Work order: Transcribe the entries exactly as they stand below, passing over any picture.

Stored dataset items:
________________________________________
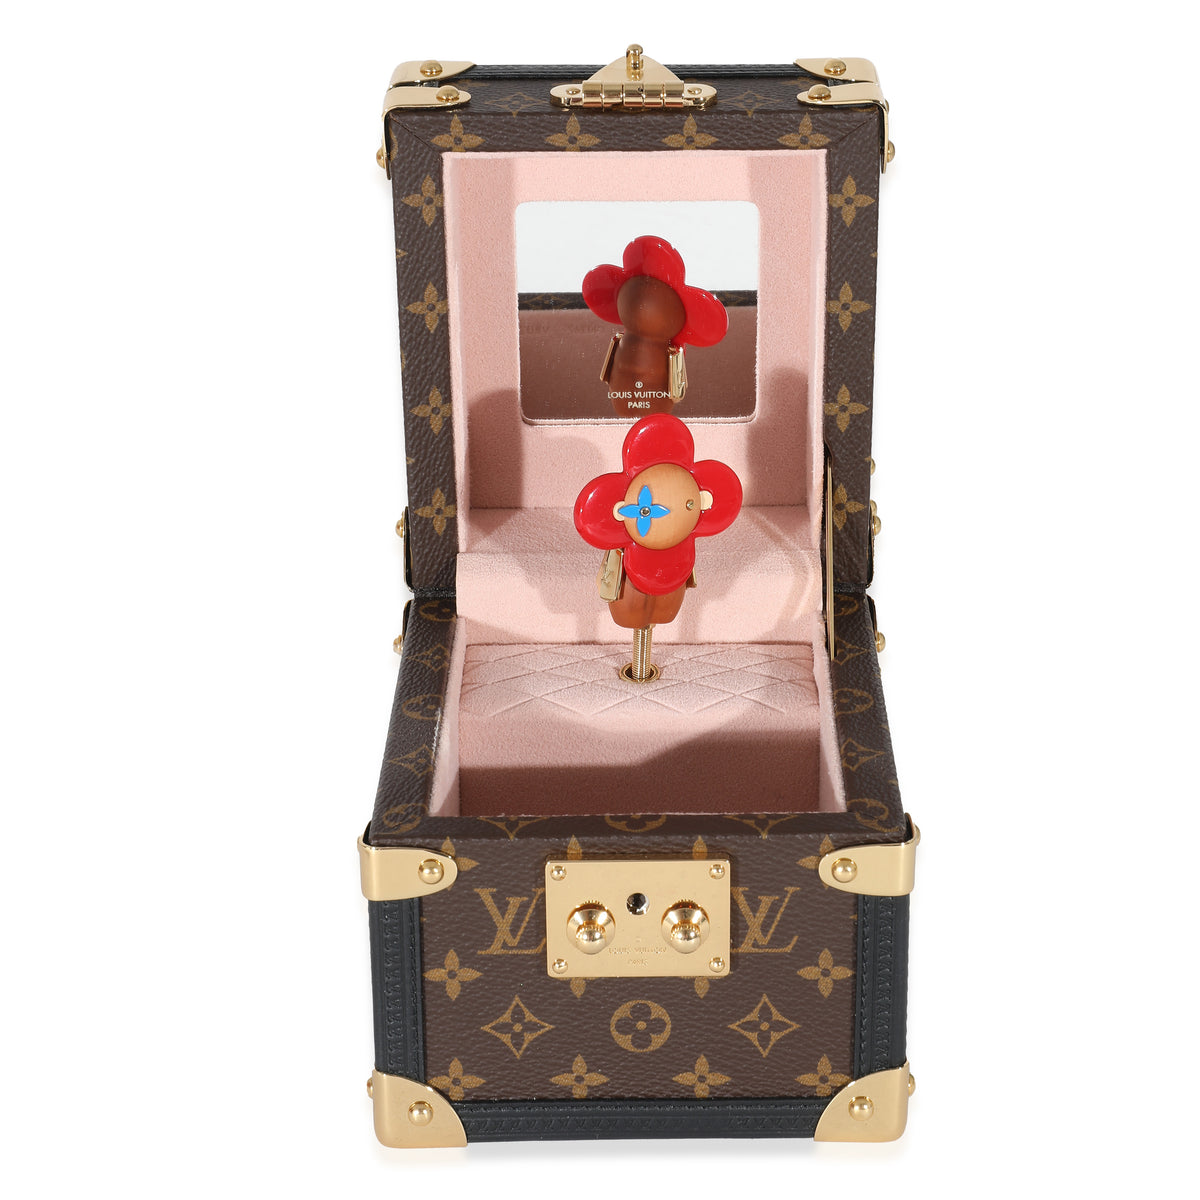 2020 Louis Vuitton Vivienne music/jewelry box in pink - Pinth
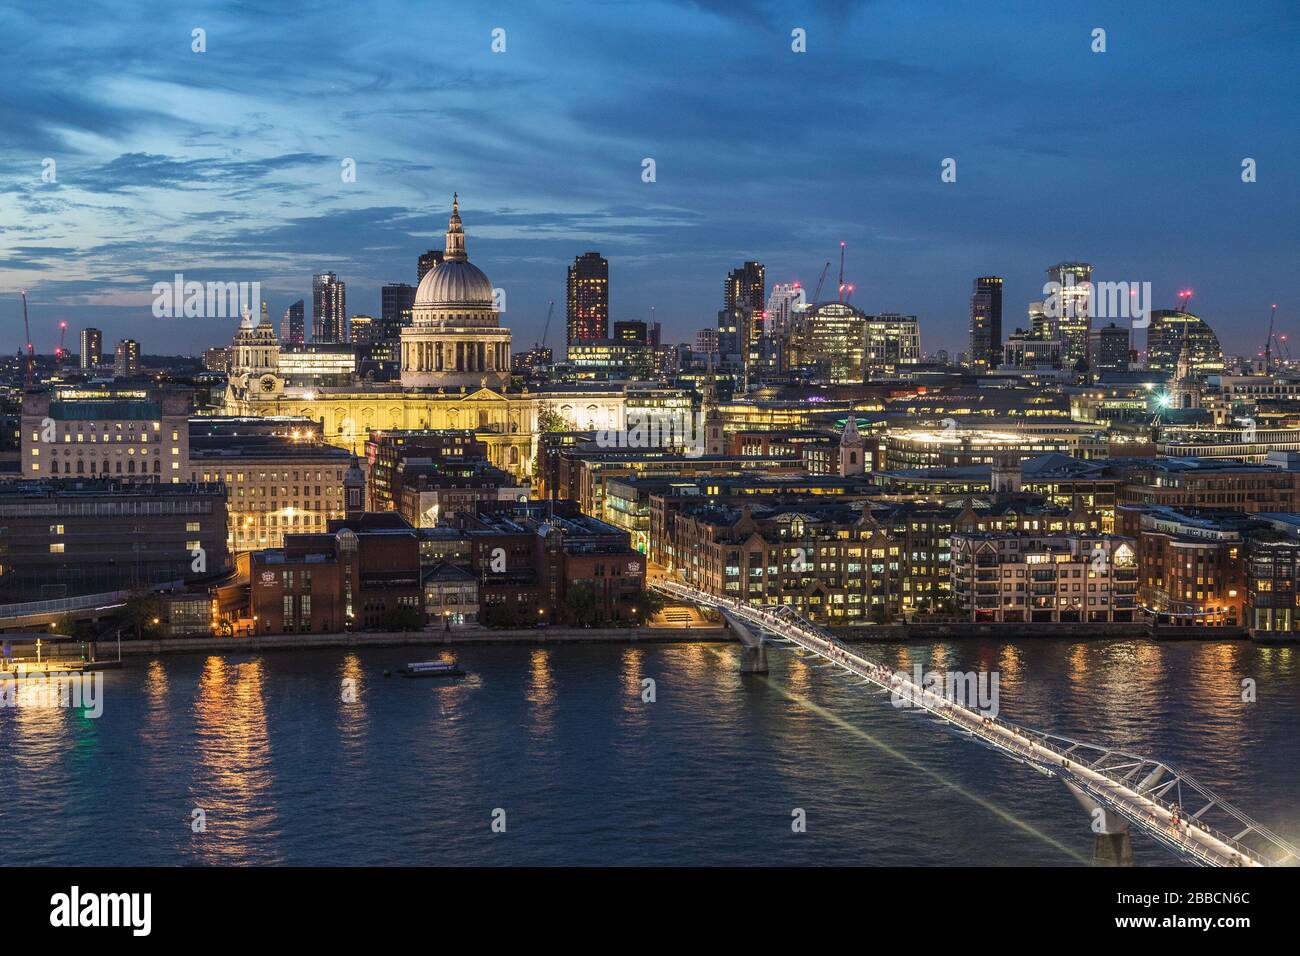 LONDON, UK - 24TH AUGUST 2019: A view towards St Pauls from across the River Thames at night. People can be seen on Millennium Bridge Stock Photo
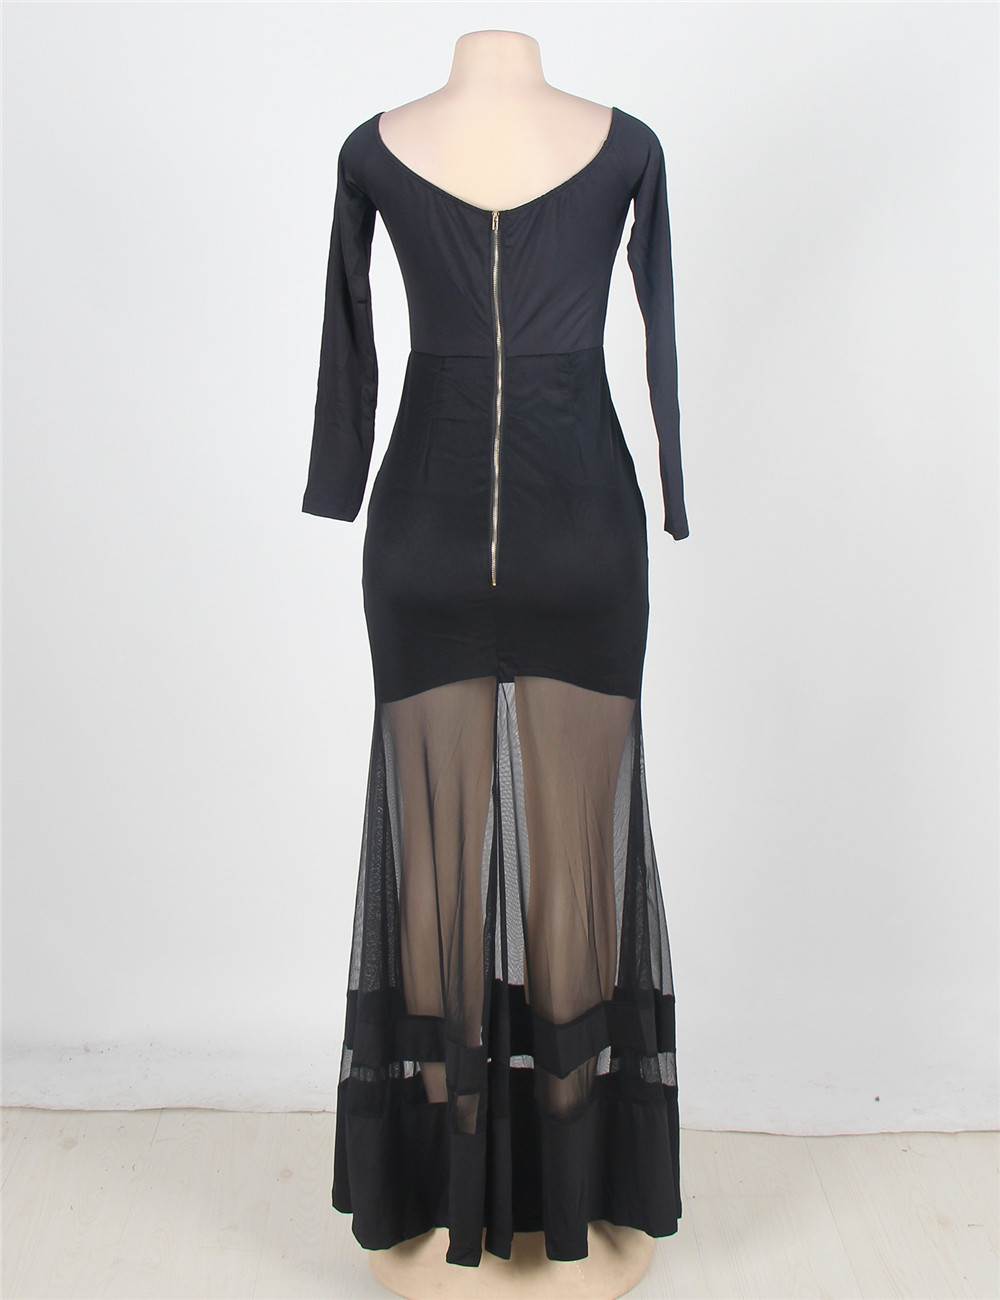 black dress with clear sleeves
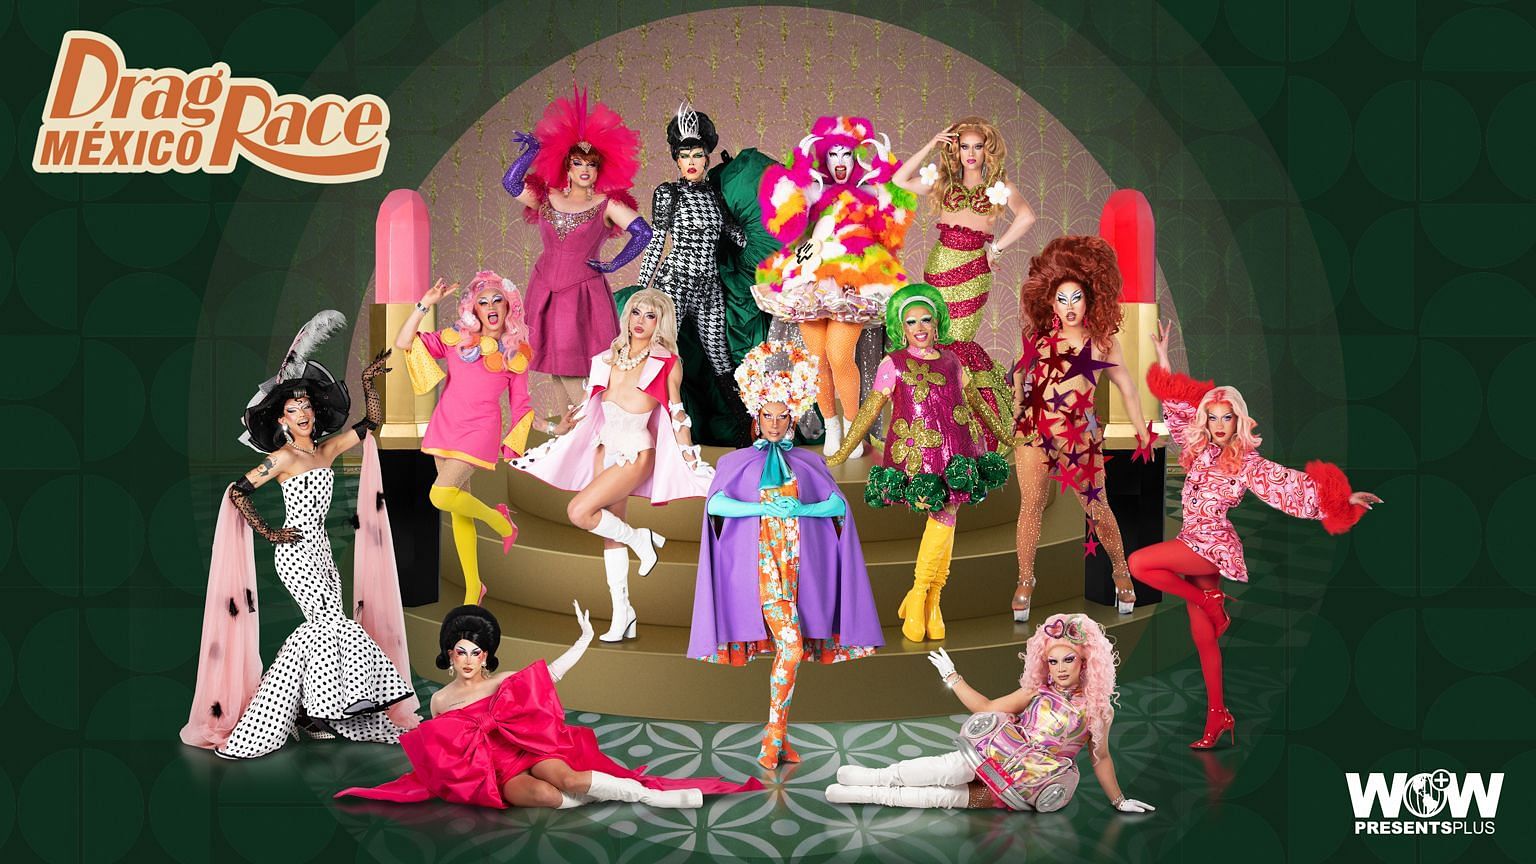 Drag Race Mexico Season 2 (Credits: @DragRaceMexico official Twitter page) 
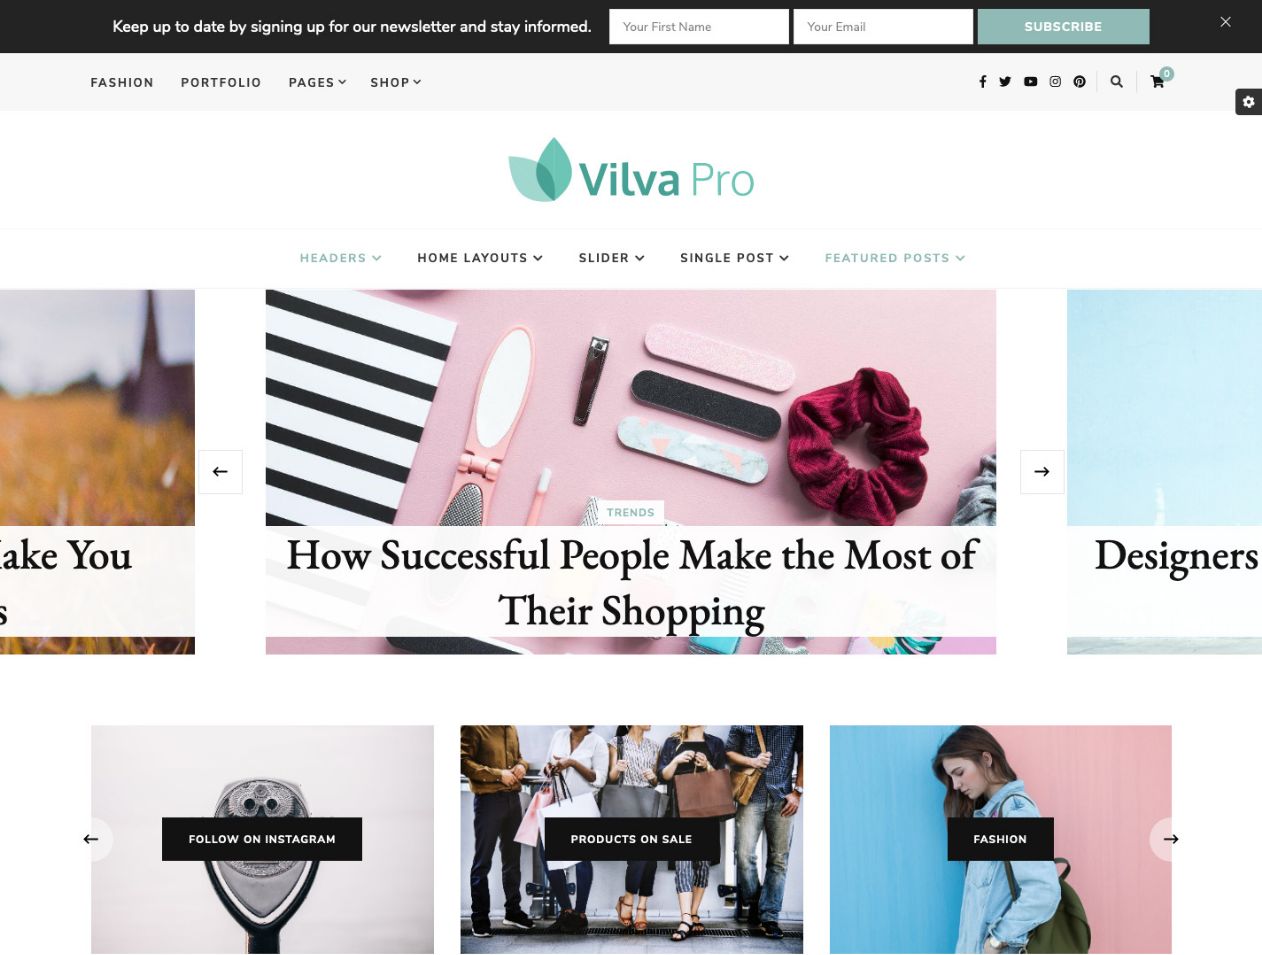 Vilva Pro’s chic and trendy design makes it a good choice for fashion and lifestyle magazines
________________________________________
Written solution:
 2020 Louis Vuitton Vivienne music/jewelry box in pink - Pinth
 LONDON, UK - 24TH AUGUST 2019: A view towards St Pauls from across the River Thames at night. People can be seen on Millennium Bridge Stock Photo
 black dress with clear sleeves
 Drag Race Mexico Season 2 (Credits: @DragRaceMexico official Twitter page) 
 Vilva Pro’s chic and trendy design makes it a good choice for fashion and lifestyle magazines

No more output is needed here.